Exports were stopped on Nov. 17, Osman told reporters today in Khartoum, the capital. Last month, Sudan threatened to block shipments unless an accord on transit fees and revenue sharing was agreed. South Sudan owes its northern neighbour $727 million for the August to November period, according to Osman.
“We consider it as a sign of irresponsible anger which does not show any sense of leadership in the government of Sudan,” South Sudan Deputy Petroleum Minister Elizabeth Bol told reporters today in Juba, the South Sudanese capital.

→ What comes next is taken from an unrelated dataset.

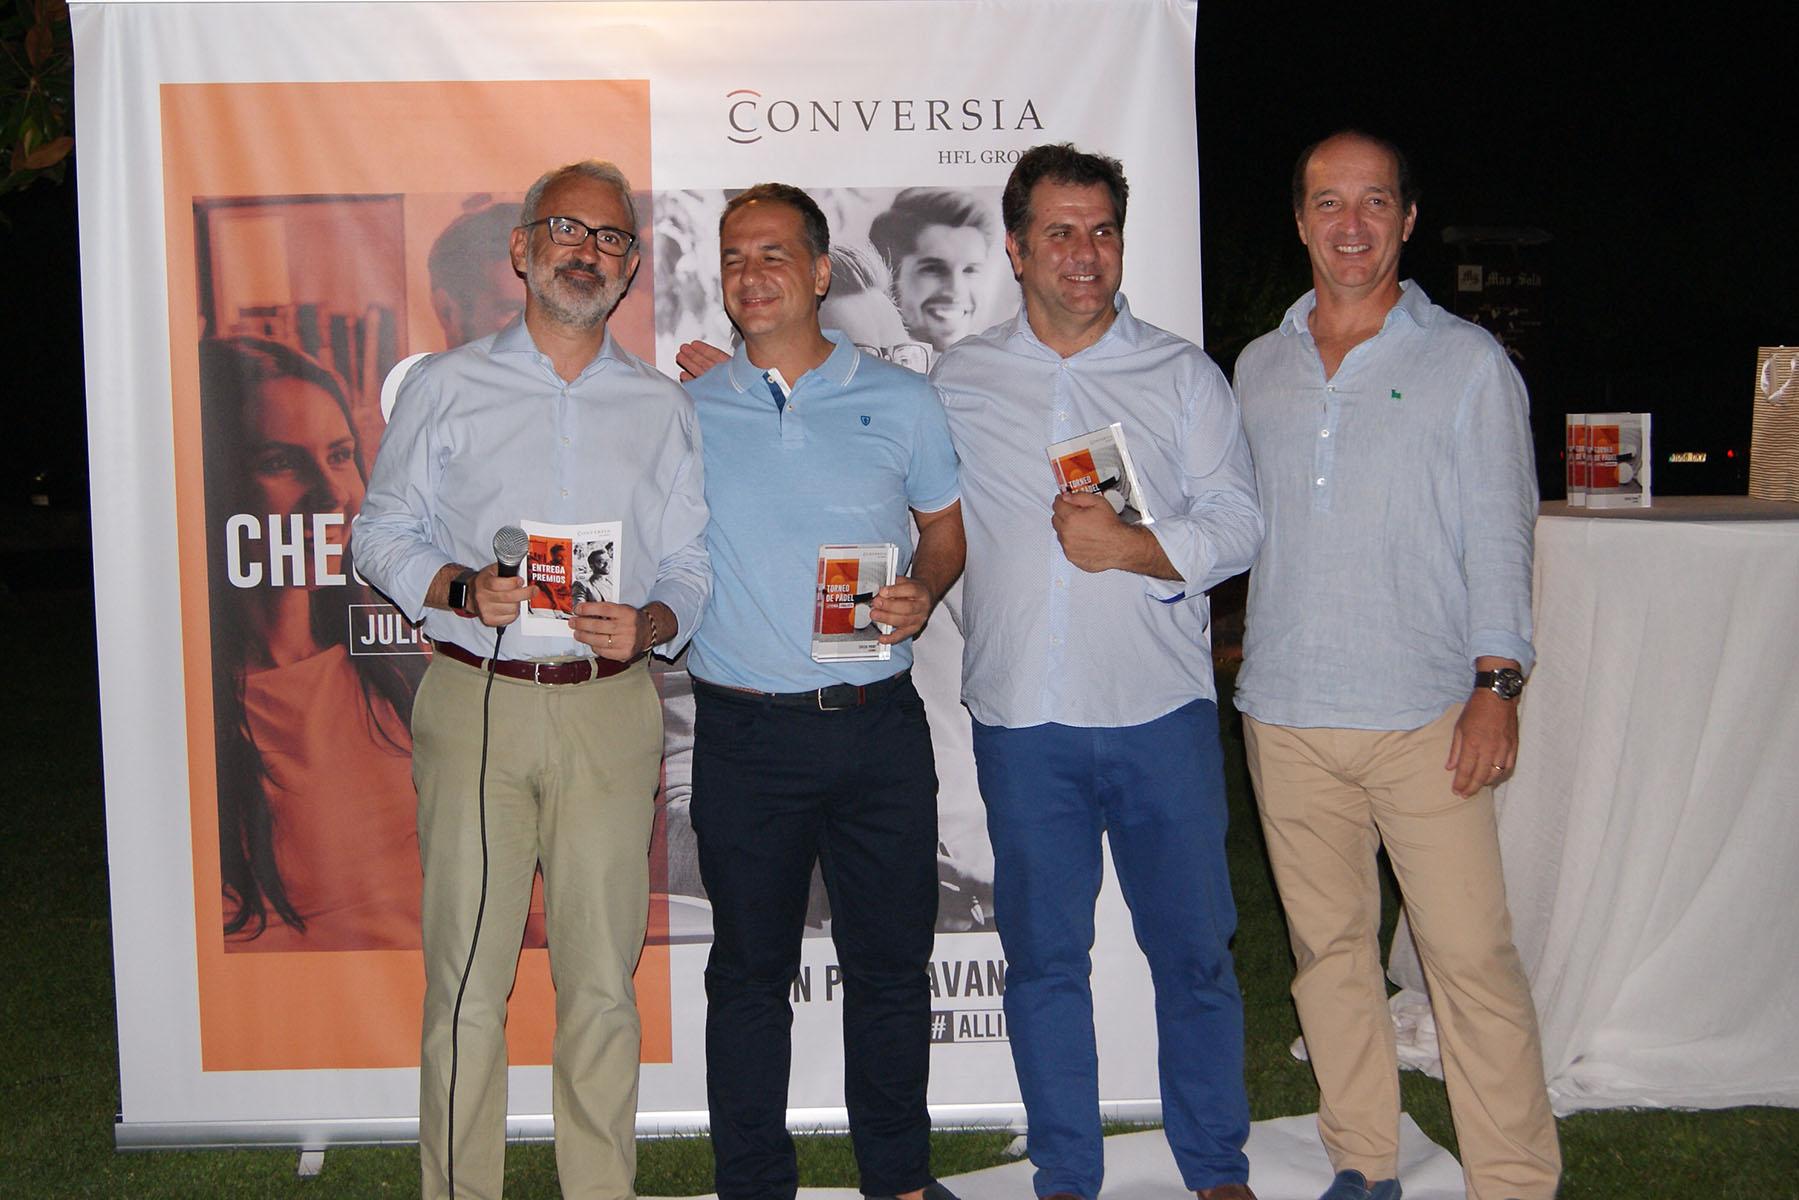 Los finalistas del Torneo Leyendas, Felipe Jiménez y Alfonso Buhigas, reciben el trofeo de manos de Augusto Carmona, Consejero Delegado del Grupo HFL y de Alfonso Corral, Director General de Conversia.

Landlocked South Sudan is trying to end its reliance on the north by talking to companies about building an export pipeline through Kenya, according to the U.S. Energy Information Administration. While South Sudan took control of about three- quarters of the former state’s output of 490,000 barrels a day when it seceded in July, it relies on the north for access to refining and an export terminal on the Red Sea.
Bol said the blockade prevented a shipment of 600,000 barrels of Nile-blend crude from being delivered to China International United Petroleum & Chemical Corp. A shipment of 1 million barrels of Dar blend oil to Geneva-based Vitol SA may also be at risk if the blockade continues, Bol said.
Row Over Shares
The halt to exports comes after South Sudan announced in a presidential decree on Nov. 8 that it seized the shares held by Sudapet, Sudan’s state-owned petroleum company, in joint operations with companies including China National Petroleum Corp., Malaysia’s Petroliam Nasional Bhd and India’s Oil & Natural Gas Corp. Sudan may sue over the seizure, Osman said.
“Seizing the company’s shares is completely illegal and Sudan has the right to sue the government in international courts,” he said. South Sudan on Nov. 21 defended its decision to take control of the shares, calling it a “legitimate act of sovereignty.”
African Union-sponsored negotiations between the two countries began on Nov. 21 over issues including the oil fees the south should pay to ship crude through the north and the disputed region of Abyei.
Southern Sudan’s government is studying the feasibility of building a new pipeline to export oil via its East African neighbours, rather than using Sudan’s oil pipeline that runs to Port Sudan on the Red Sea, the government said last week.
Southern officials have said previously they are considering building a pipeline that would carry crude to the Kenyan port of Lamu.